Which of the following relations is true ?
A. $3Y = K(1 + \sigma )$
B. $K = \dfrac{{9\eta Y}}{{Y + \eta }}$
C. $\sigma = (6K + \eta )Y$
D. $\sigma = \dfrac{{0.5Y - \eta }}{\eta }$

Answer 1

Remember all the equations of elasticity and apply them accordingly.If you have the equations memorised, then this will be easy, else we must derive the equations accordingly. Types of modulus of elasticity are : Young’s Modulus $Y$, Bulk Modulus $K$, Modulus of rigidity.

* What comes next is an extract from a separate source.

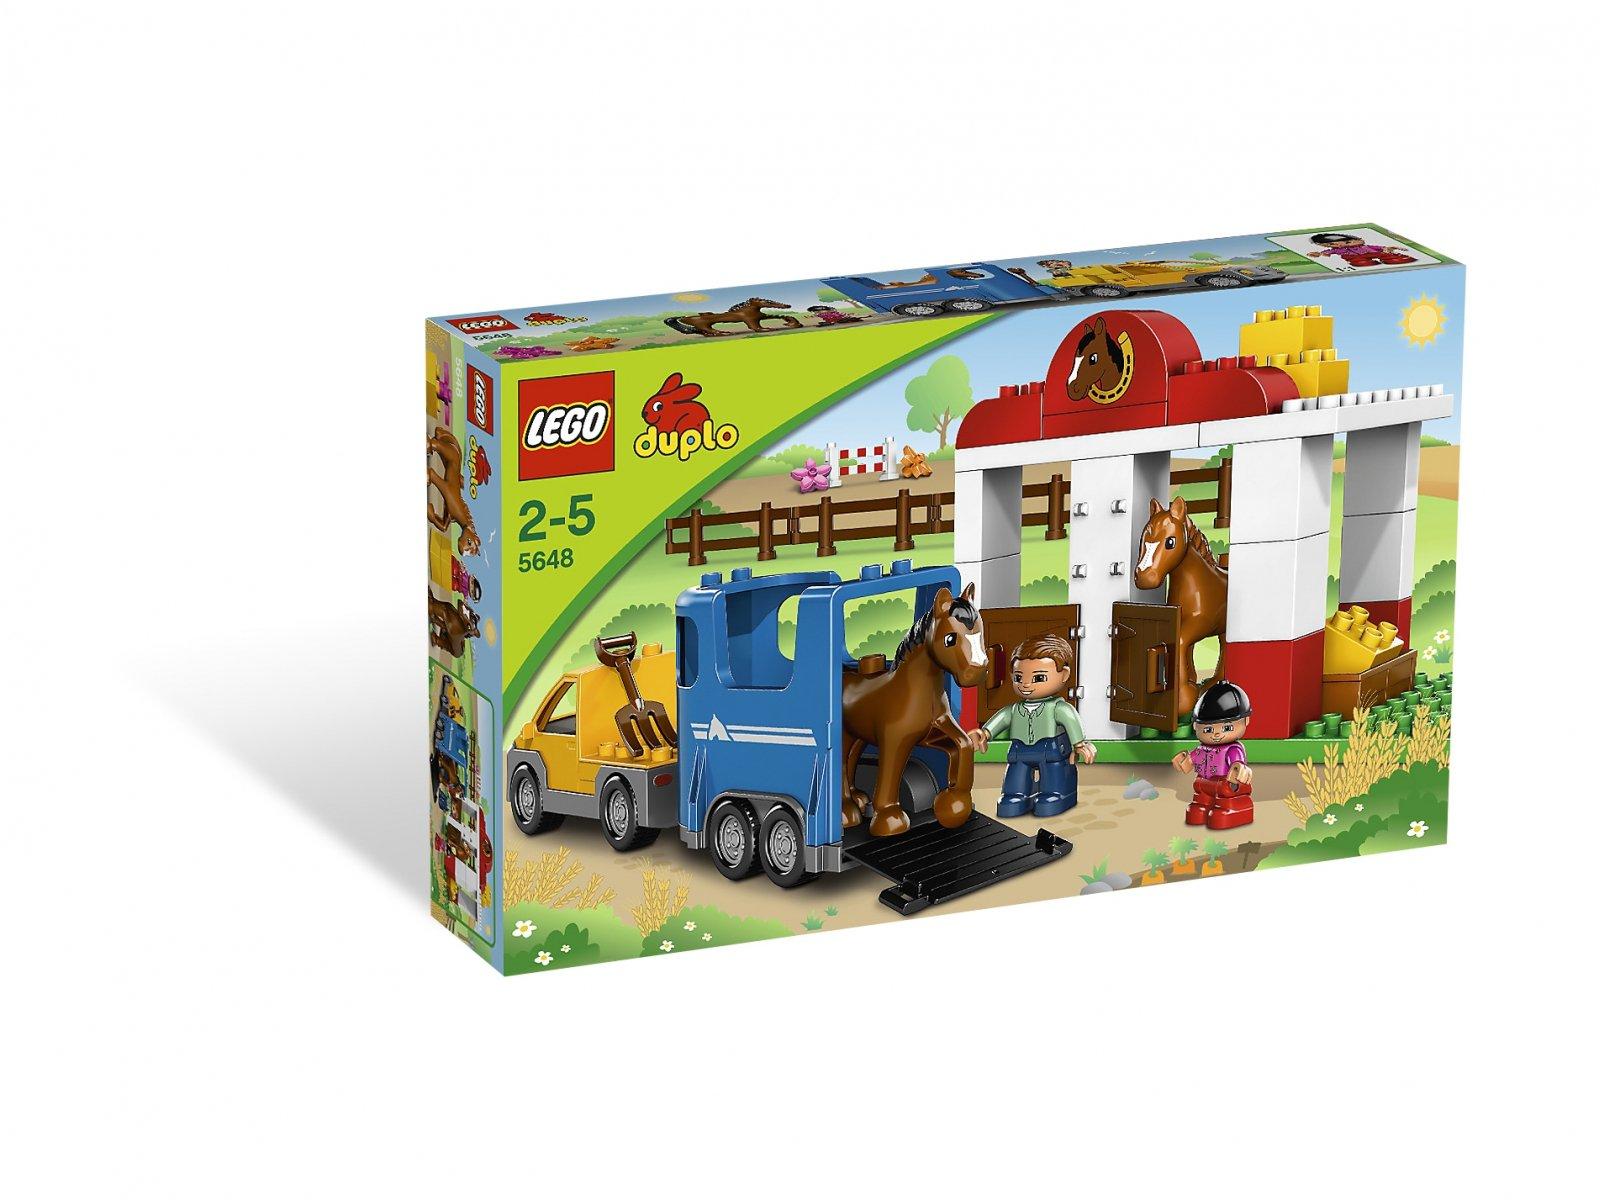 Lego 5648 Duplo Stajnia Porównaj Ceny Zklockówpl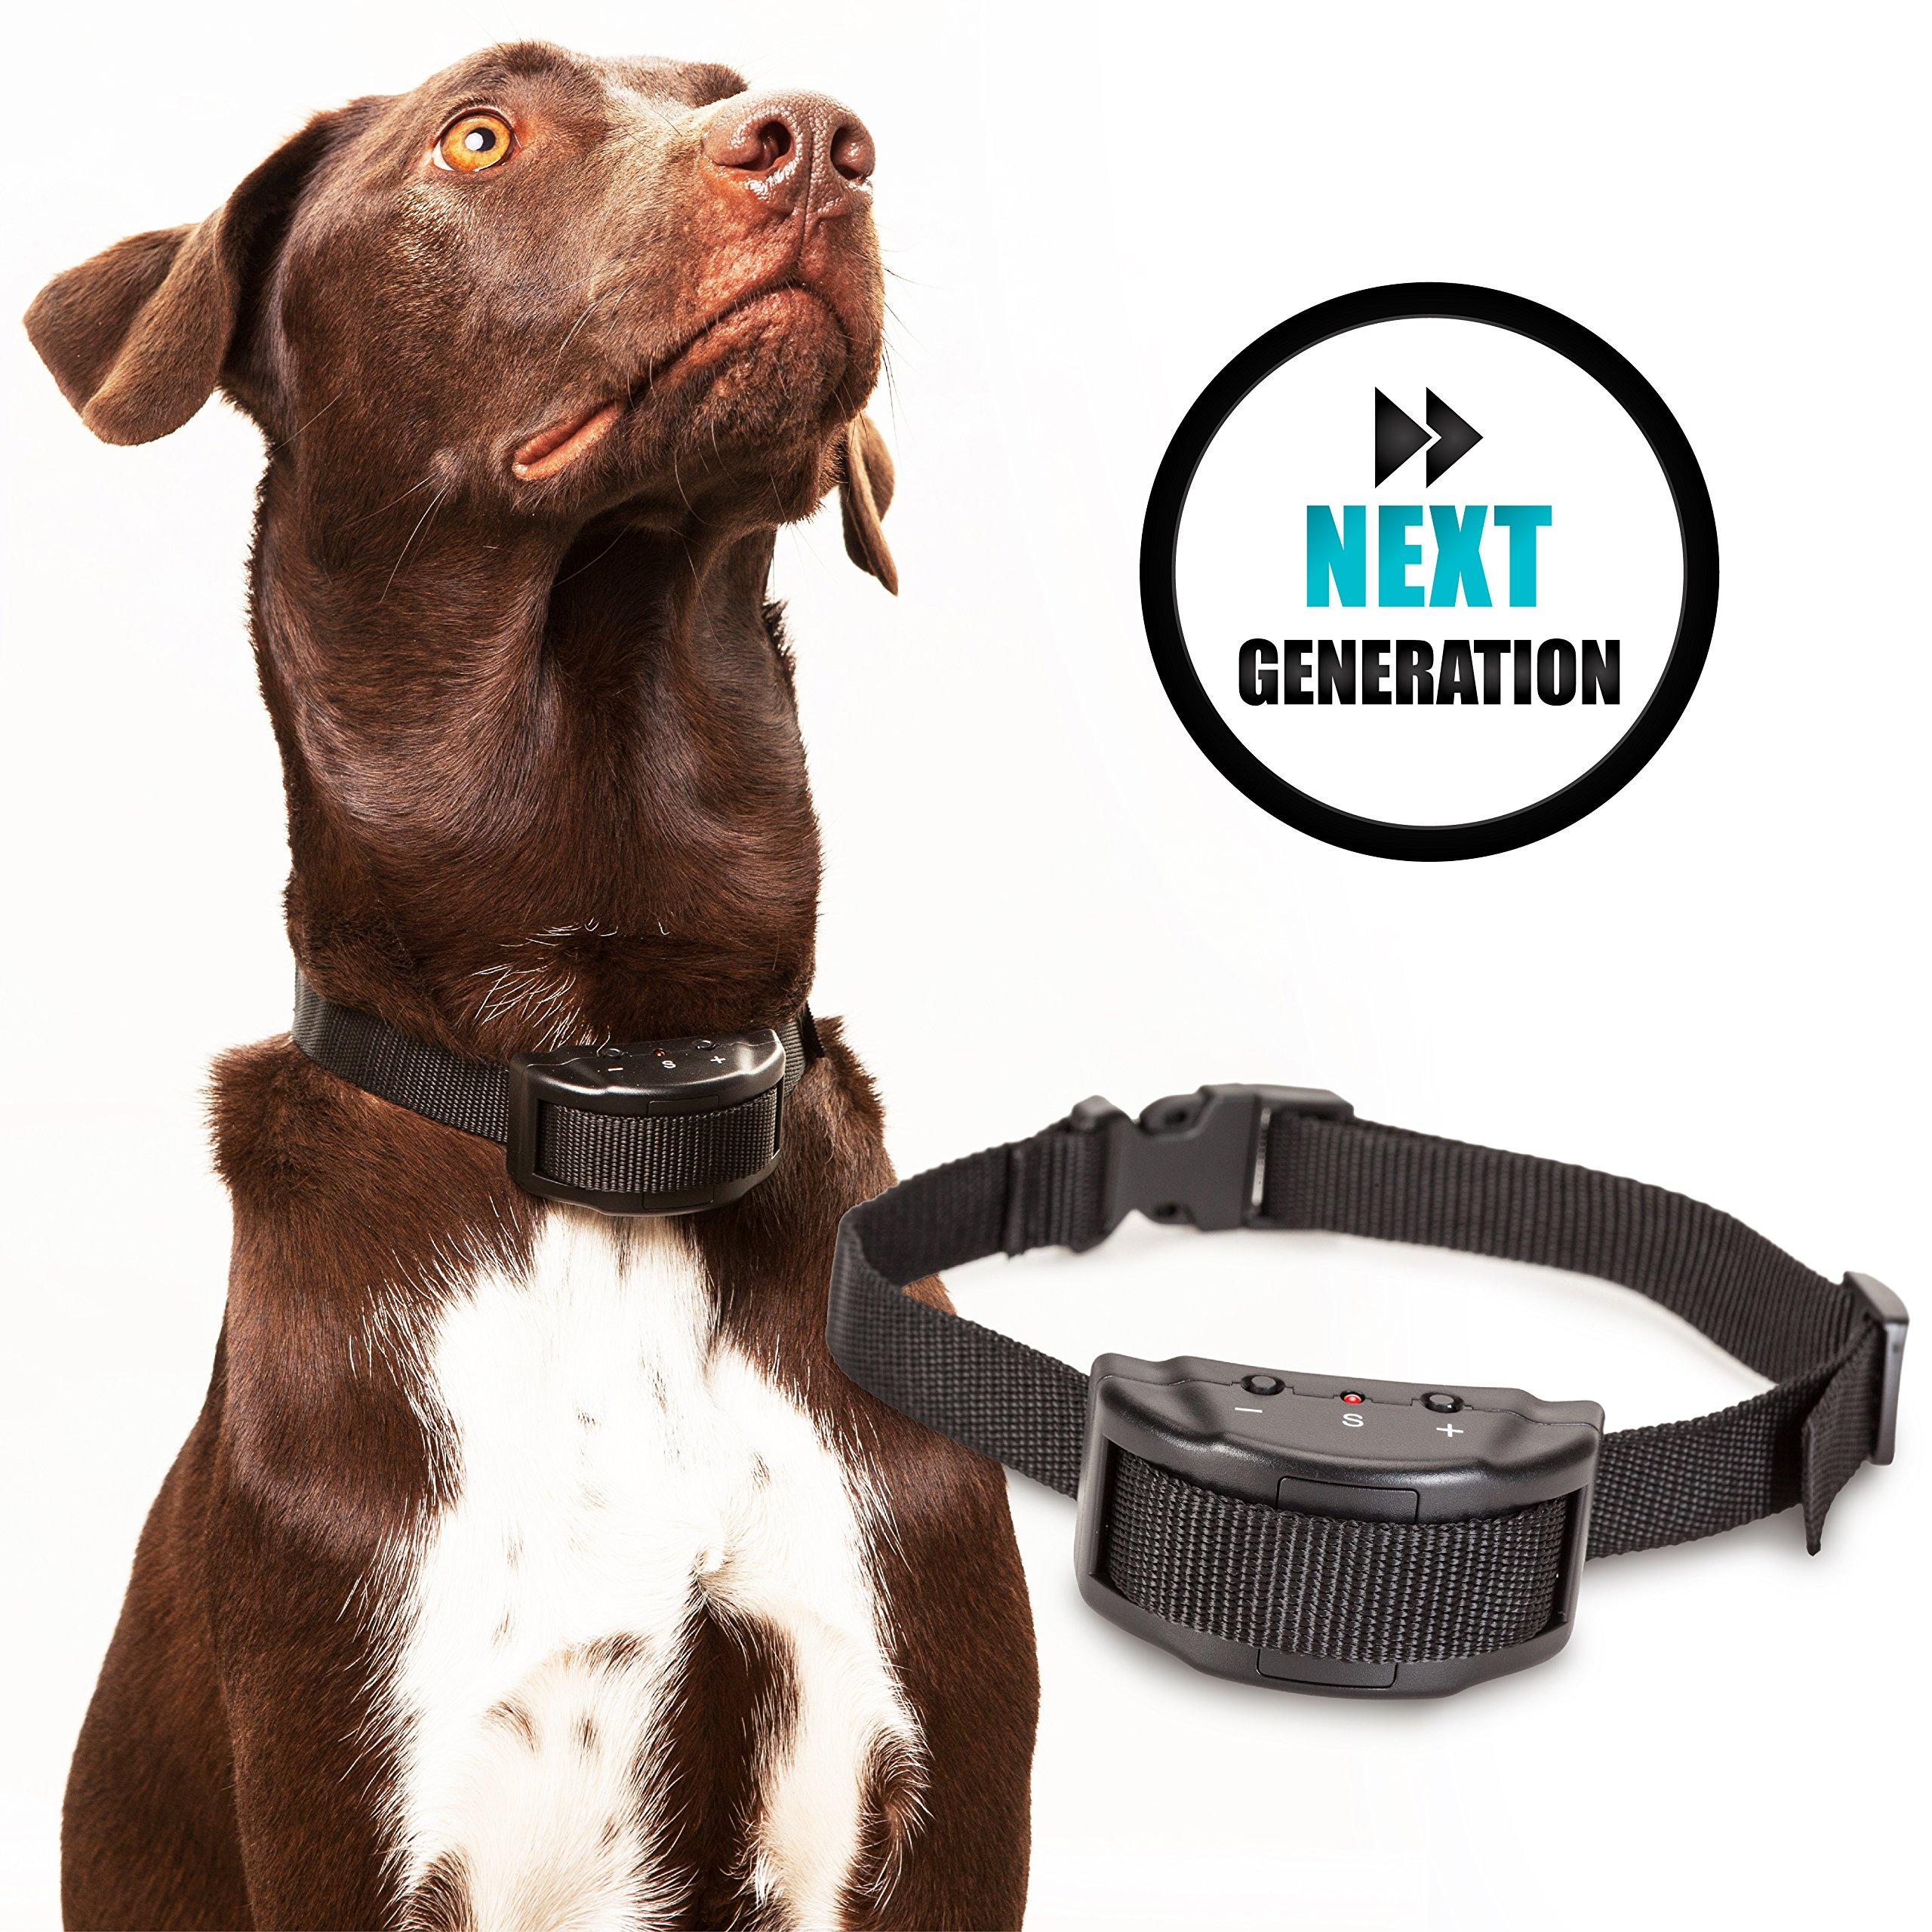 Makony Next Generation No Bark Collar Dog Training System Anti Bark Collar Co

Complete step by step answer:
Value of Young’s modulus = $\dfrac{\text{longitudinal stress}}{\text{longitudinal strain}}$ .
Thus $Y=\dfrac{1}{\alpha } - - - - (1)$ , where $\alpha$ is the longitudinal strain per unit stress.
We also know that Bulk modulus $K=\dfrac{1}{{3(\alpha - 2\beta )}}- - - - (2)$
where $\beta$ is the lateral strain per unit stress.
We know that rigidity modulus $\eta = \dfrac{1}{{2(\alpha + \beta )}} - - - - (3)$ .
Also , Poisson’s ratio $\sigma = \dfrac{\beta }{\alpha } - - - - (4)$ .

Now we can derive the relation for the above question,
$\eta = \dfrac{1}{{2(\alpha + \beta )}}$
$\Rightarrow \eta = \dfrac{{1/\alpha }}{{2(1 + \beta /\alpha )}}$
But we know that $\beta /\alpha$ is Poisson's ratio. Hence,
$\eta = \dfrac{Y}{{2(1 + \sigma )}}$
$\Rightarrow 1 + \sigma = \dfrac{{0.5Y}}{\eta }$
Now moving that one to the right hand side , we get
$\therefore \sigma = \dfrac{{0.5Y - \eta }}{\eta }$

Hence, the correct answer is option D.

Note: Some important points which are to be remembered are as follows:-
-Coefficient of elasticity is always dependent on the material and its temperature and purity, and not on its stress and strain.
-The fundamental characteristic of elasticity of a material is its strain, not its stress.
-The values of the three coefficients of elasticity $Y,K{\text{ }}and{\text{ }}\eta$ are always different and are related to each other.
-The potential energy due to elasticity equals $\dfrac{1}{2} \times stress \times strain$ . -From this we can relate it to spring force and use it in required equations.